Unfortunately that won’t happen here because crypto folks are now learning what the rest of us already knew- that money is extremely highly regulated for a reason. There was a legal framework within which to prosecute Madoff and recover damages.
None of the scamming happening in crypto is even illegal. Pump-and-dump is written plainly into the mission statements of crypto companies. It is their stated business model. Nobody is even trying to hide it. Being independent of any borders, this may never get fixed. It may remain forever the financial chaos of the 1800s in crypto.
It’s hard to overstate the structural issues. A friend of mine knew a younger guy from his MBA program who did a full send on meme stocks in a year or two back with everything he could borrow/leverage. It worked out for him, but his backup plan was bankruptcy.

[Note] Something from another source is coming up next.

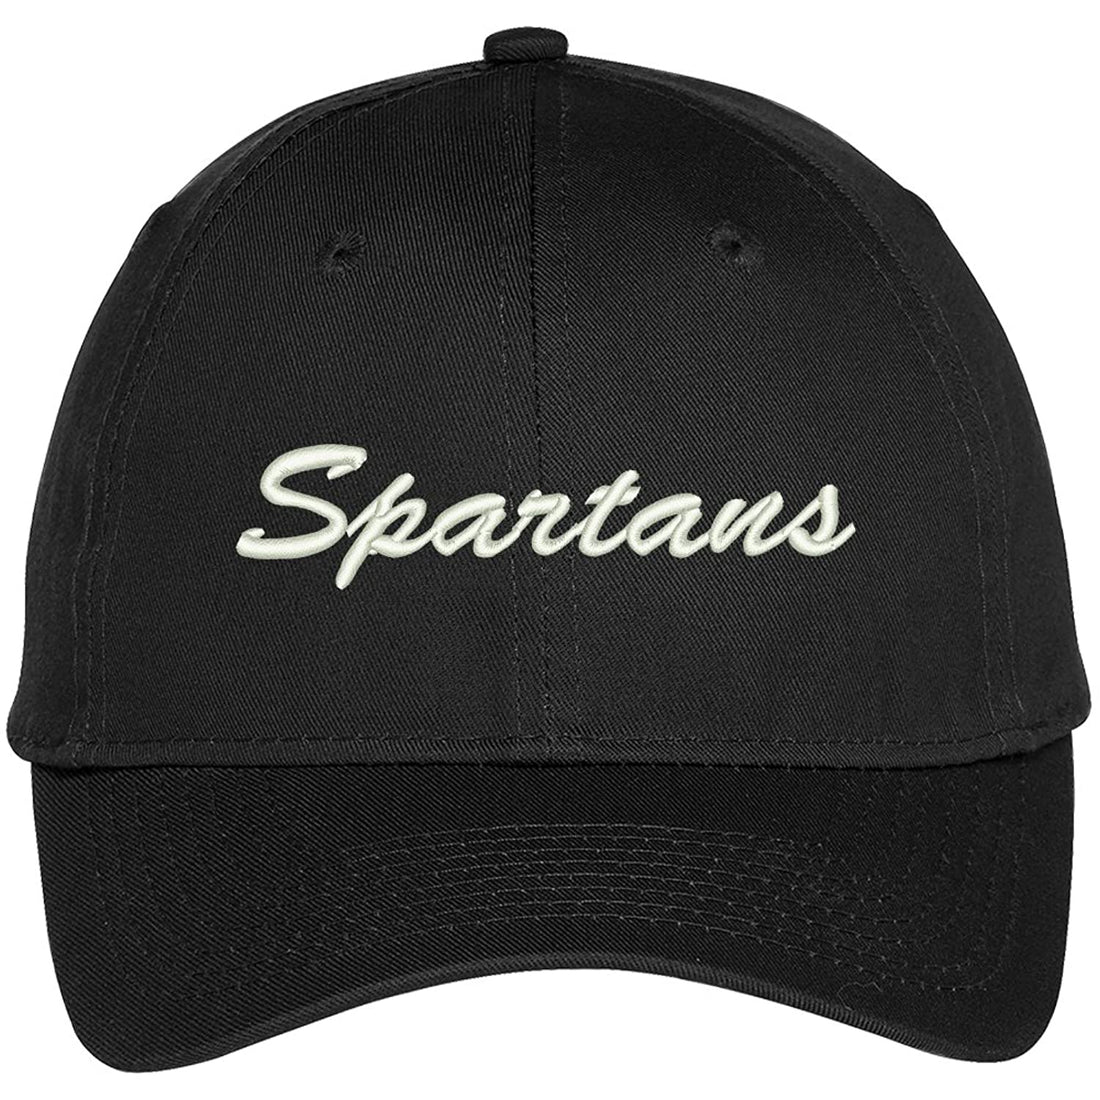 Trendy Apparel Shop Spartans Embroidered Team Nickname Mascot Cap

This was someone with a high level understanding of finance, who would probably get a job which pays in the top 10% pretty quickly. However, he saw it as his only chance to own property in Canada reasonably young, and that bankruptcy didn’t mean much as he didn’t have any assets to risk, and he could easily explain the economics of his game if it hadn’t of worked out.
With housing haven gotten even more out of reach even for top earners, I’m can’t really say what he did wasn’t a smart move. He knew there wasn’t real value and got out early and always had trailing stops/etc. It just points to horrible structural problems in the economy that gambling with bankruptcy when you don’t have assets looks like a sensible way to achieve a lifestyle that your parents had with mid-range earning jobs. It’s even more telling that an MBA program helped him come to this conclusion.
Really, it’s just a easier entry point to scams for the same people who became Uber drivers. Check out the “Uber Papers” on the Guardian et al in the past few days.
The damaging part of the whole scheme is not how it played out to “investors” getting hosed, but how cryptocurrency got securitized in the form of mutual funds and pawned off on institutional investors as secure investments. Entangling all that bullshit with the Nasdaq market and investors who may not have wanted anything to do with it. So yes amateur investors got burned. But so did professional ones and pretty much everyone, by proxy. Just like what happened with toxic mortgage debt from 2003-2008
I hear you. Typically at least for the last 20 years or so, toxic investments have been marketed to the mainstream by bundling them into securities and pawned off on larger institutional investors to diversify their portfolios.
Ratings/Risk Assessment agencies are all self-governing by the industry and thoroughly compromised.
““We’re seeing big players in Wall Street — like the traditional financial institutions, the endowments, the pension trusts — looking at this as a hedge against put from USD or fiat currencies,””
"if the finance industry writ large begins to view digital currencies as a more stable asset class this could change, potentially resulting in the same knock-on affect the housing market crash had during the Great Recession. "
I was apoplectic when I learned one of my pension funds invested heavily in crypto - and not early either. Can’t wait for the quarterly reports on this. There was a window to get in and get out… that closed a long time ago.
One of my brothers (who, thanks to his gf, has gone off the deep-end on facebook about vaccines and everything else), was trying to convince me and my other brother to invest in bitcoin. I’ll have to ask him how that’s worked out for him.
Fortunately(?) my little bro doesn’t have enough money to invest in anything, even if he wanted to, and I already ‘invested’ in bitcoin, by buying one when they were like £70 each. I’ve cashed it out several times over the years, and I think the dregs I have left are still worth more than £70.